▶ _What is required_
What you write must be the listing below in full, word for word, minus its pictures.

▶ _Data section_
▼

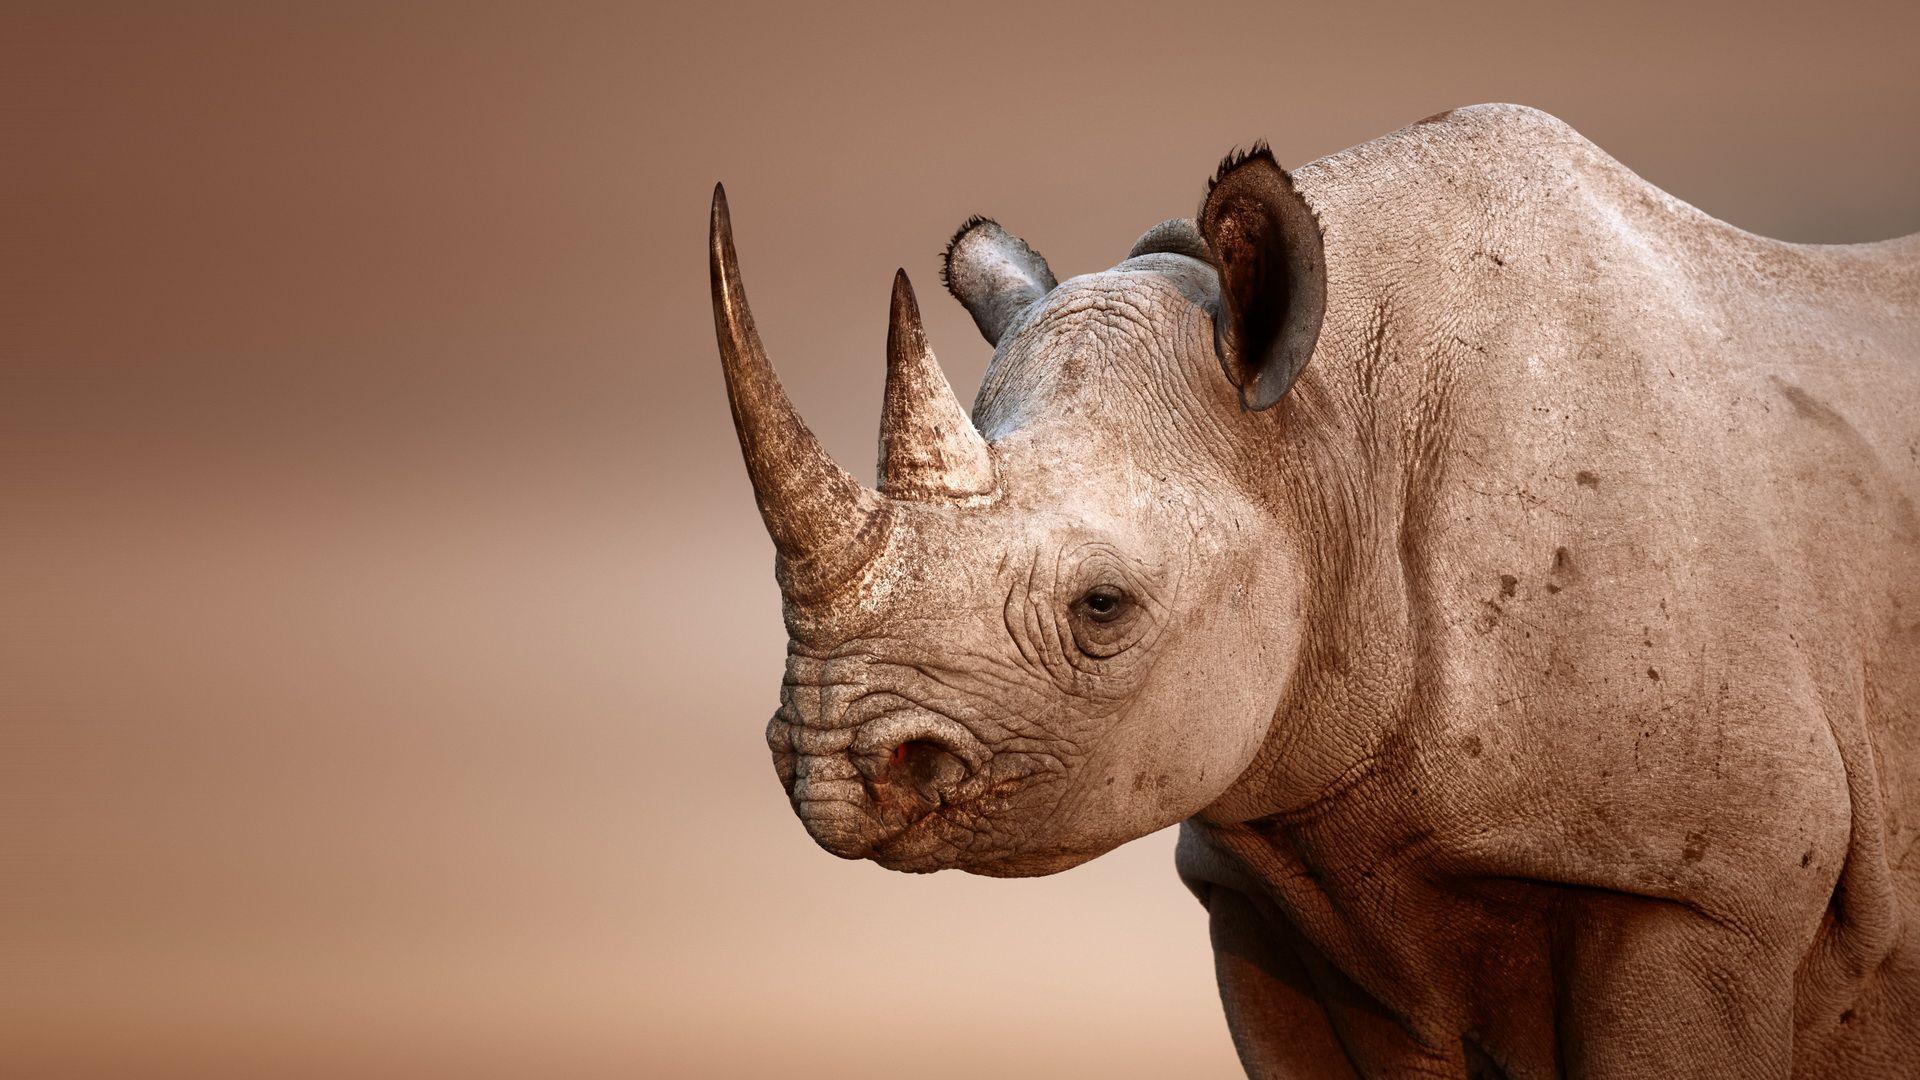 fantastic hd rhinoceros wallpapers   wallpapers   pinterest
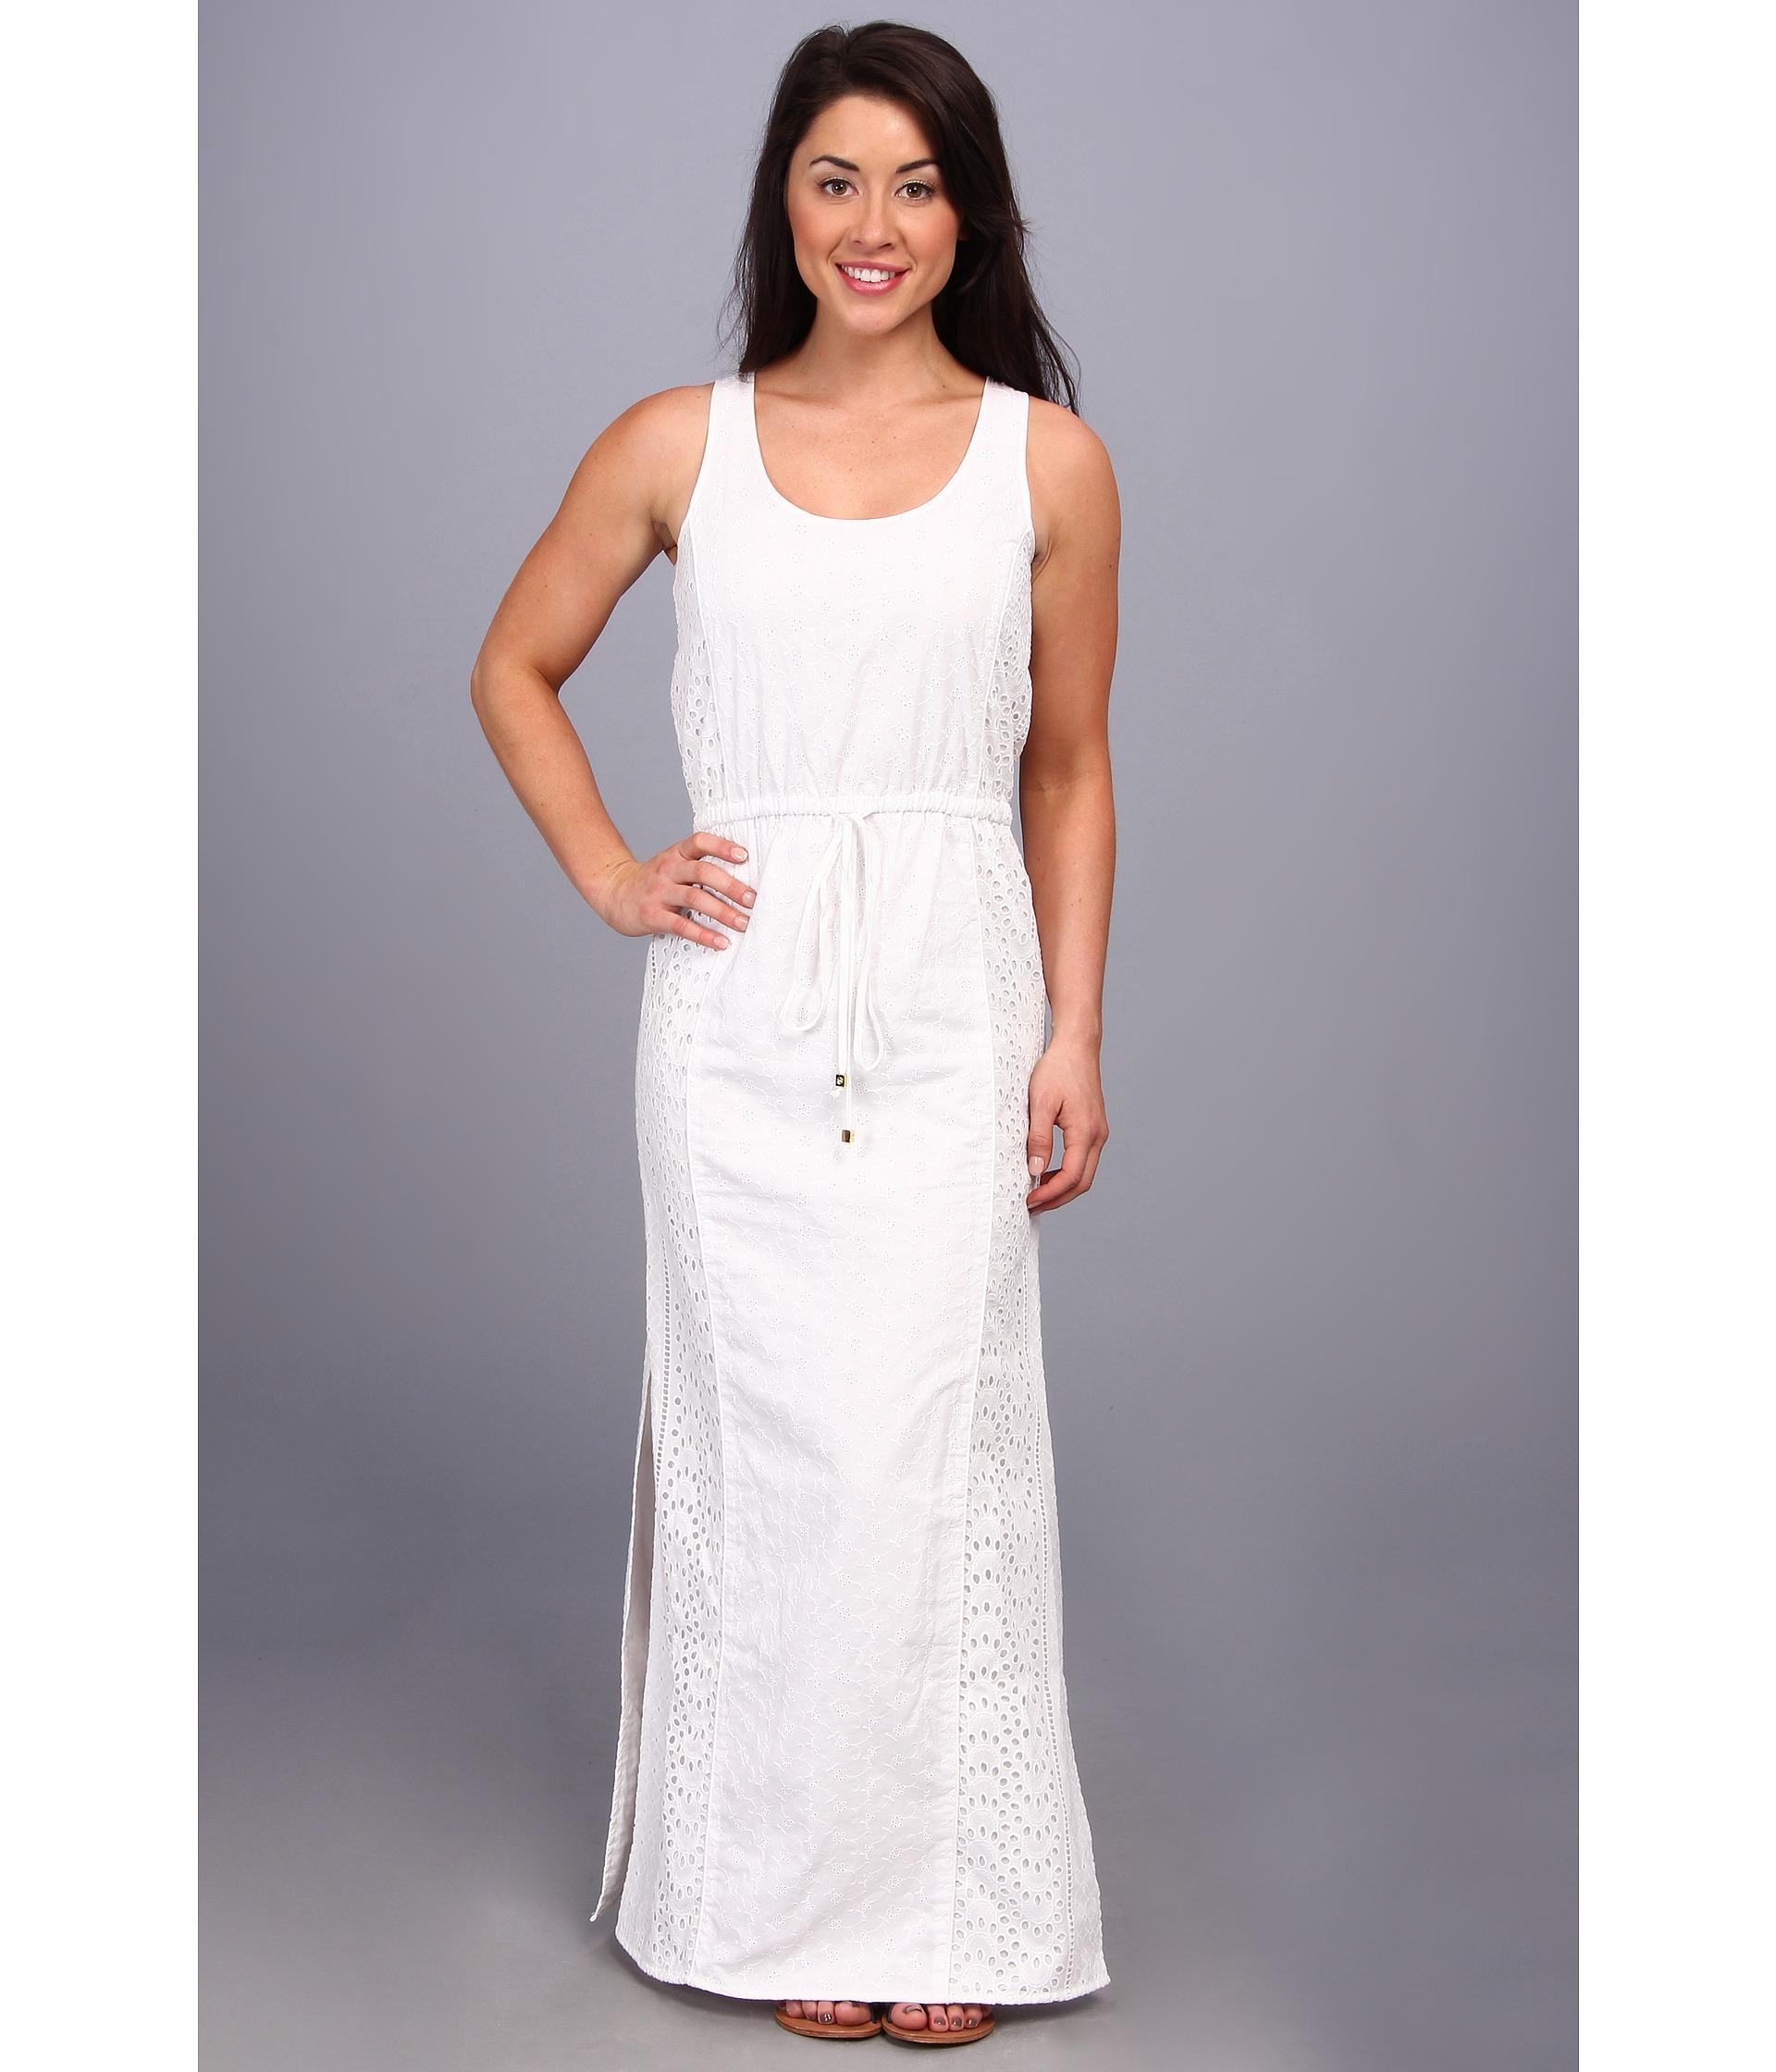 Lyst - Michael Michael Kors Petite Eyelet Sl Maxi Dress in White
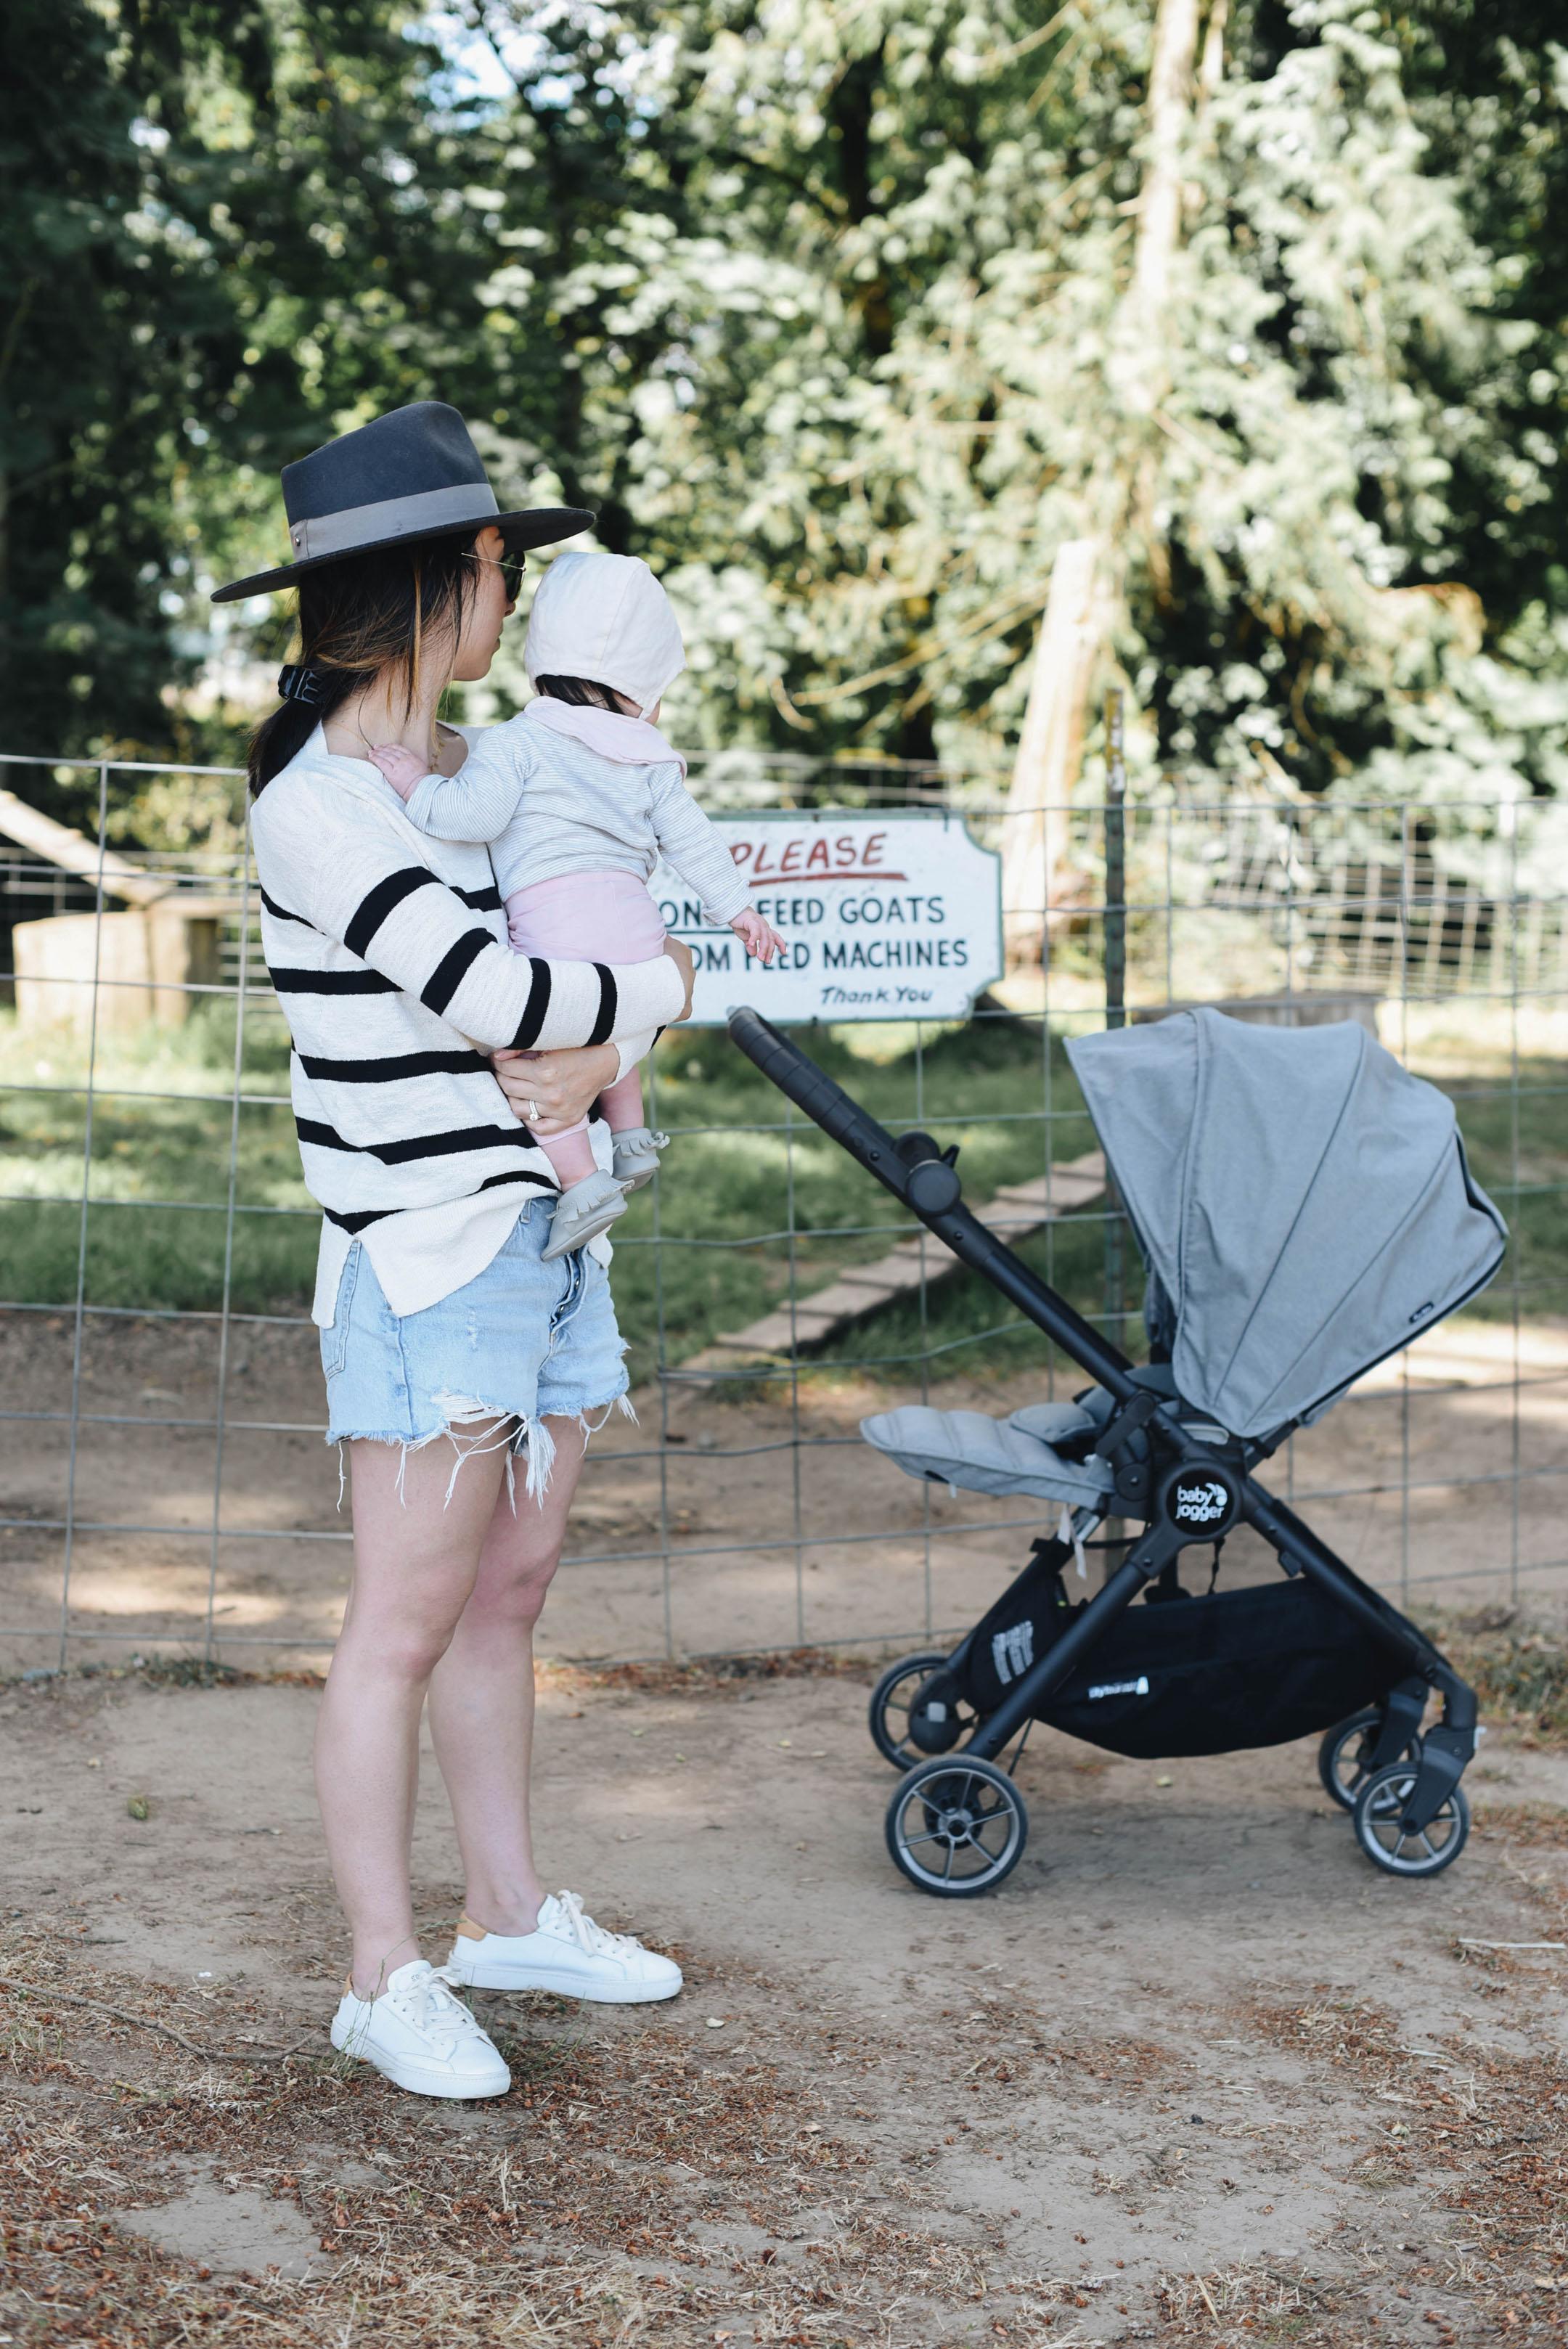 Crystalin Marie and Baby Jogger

▲

▶ _Expected output_
 fantastic hd rhinoceros wallpapers   wallpapers   pinterest
 Lyst - Michael Michael Kors Petite Eyelet Sl Maxi Dress in White
 Crystalin Marie and Baby Jogger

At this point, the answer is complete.